State Key Laboratory of Marine Geology, Tongji University, Shanghai 200092, China.
School of Information Technology and Electrical Engineering, The University of Queensland, St. Lucia, QLD 4072, Australia.
Sensors (Basel). 2018 Aug 10;18(8):2628. doi: 10.3390/s18082628.
With the construction and deployment of seafloor observatories around the world, massive amounts of oceanographic measurement data were gathered and transmitted to data centers. The increase in the amount of observed data not only provides support for marine scientific research but also raises the requirements for data quality control, as scientists must ensure that their research outcomes come from high-quality data. In this paper, we first analyzed and defined data quality problems occurring in the East China Sea Seafloor Observatory System (ECSSOS). We then proposed a method to detect and repair the data quality problems of seafloor observatories. Incorporating data statistics and expert knowledge from domain specialists, the proposed method consists of three parts: a general pretest to preprocess data and provide a router for further processing, data outlier detection methods to label suspect data points, and a data interpolation method to fill up missing and suspect data.

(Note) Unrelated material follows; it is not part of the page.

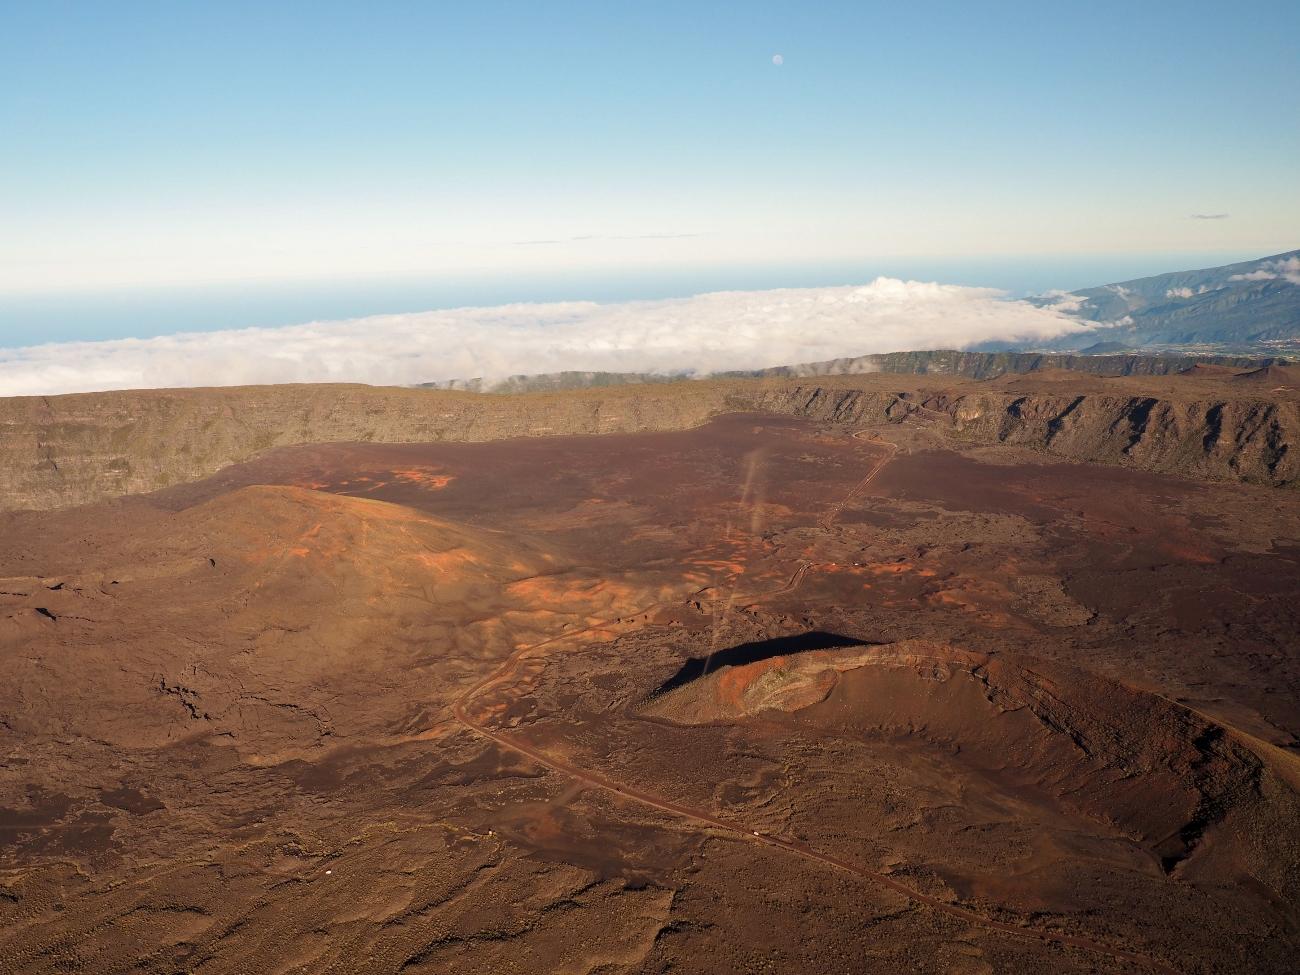 Une semaine à la Réunion avec la Plaine des Sables

The autoregressive integrated moving average (ARIMA) model was improved and applied to seafloor observatory data quality control by using a sliding window and cleaning the input modeling data. Furthermore, a quality control flag system was also proposed and applied to describe data quality control results and processing procedure information. The real observed data in ECSSOS were used to implement and test the proposed method. The results demonstrated that the proposed method performed effectively at detecting and repairing data quality problems for seafloor observatory data.
随着世界各地海底观测站的建设和部署,大量的海洋测量数据被收集并传输到数据中心。观测数据量的增加不仅为海洋科学研究提供了支持,也对数据质量控制提出了更高的要求,因为科学家必须确保他们的研究结果来自高质量的数据。在本文中,我们首先分析并定义了东海海底观测站系统(ECSSOS)中出现的数据质量问题。然后,我们提出了一种检测和修复海底观测站数据质量问题的方法。该方法结合了数据统计和领域专家的知识,包括三个部分:一般的预测试,用于预处理数据并为进一步处理提供路由器;数据异常值检测方法,用于标记可疑数据点;以及数据插值方法,用于填补缺失和可疑数据。我们还改进了自回归综合移动平均(ARIMA)模型,并通过使用滑动窗口和清理输入建模数据,将其应用于海底观测站数据质量控制。此外,我们还提出并应用了一个质量控制标志系统,用于描述数据质量控制结果和处理过程信息。我们使用 ECSSOS 中的真实观测数据来实施和测试所提出的方法。结果表明,该方法在检测和修复海底观测站数据的数据质量问题方面表现出了有效性。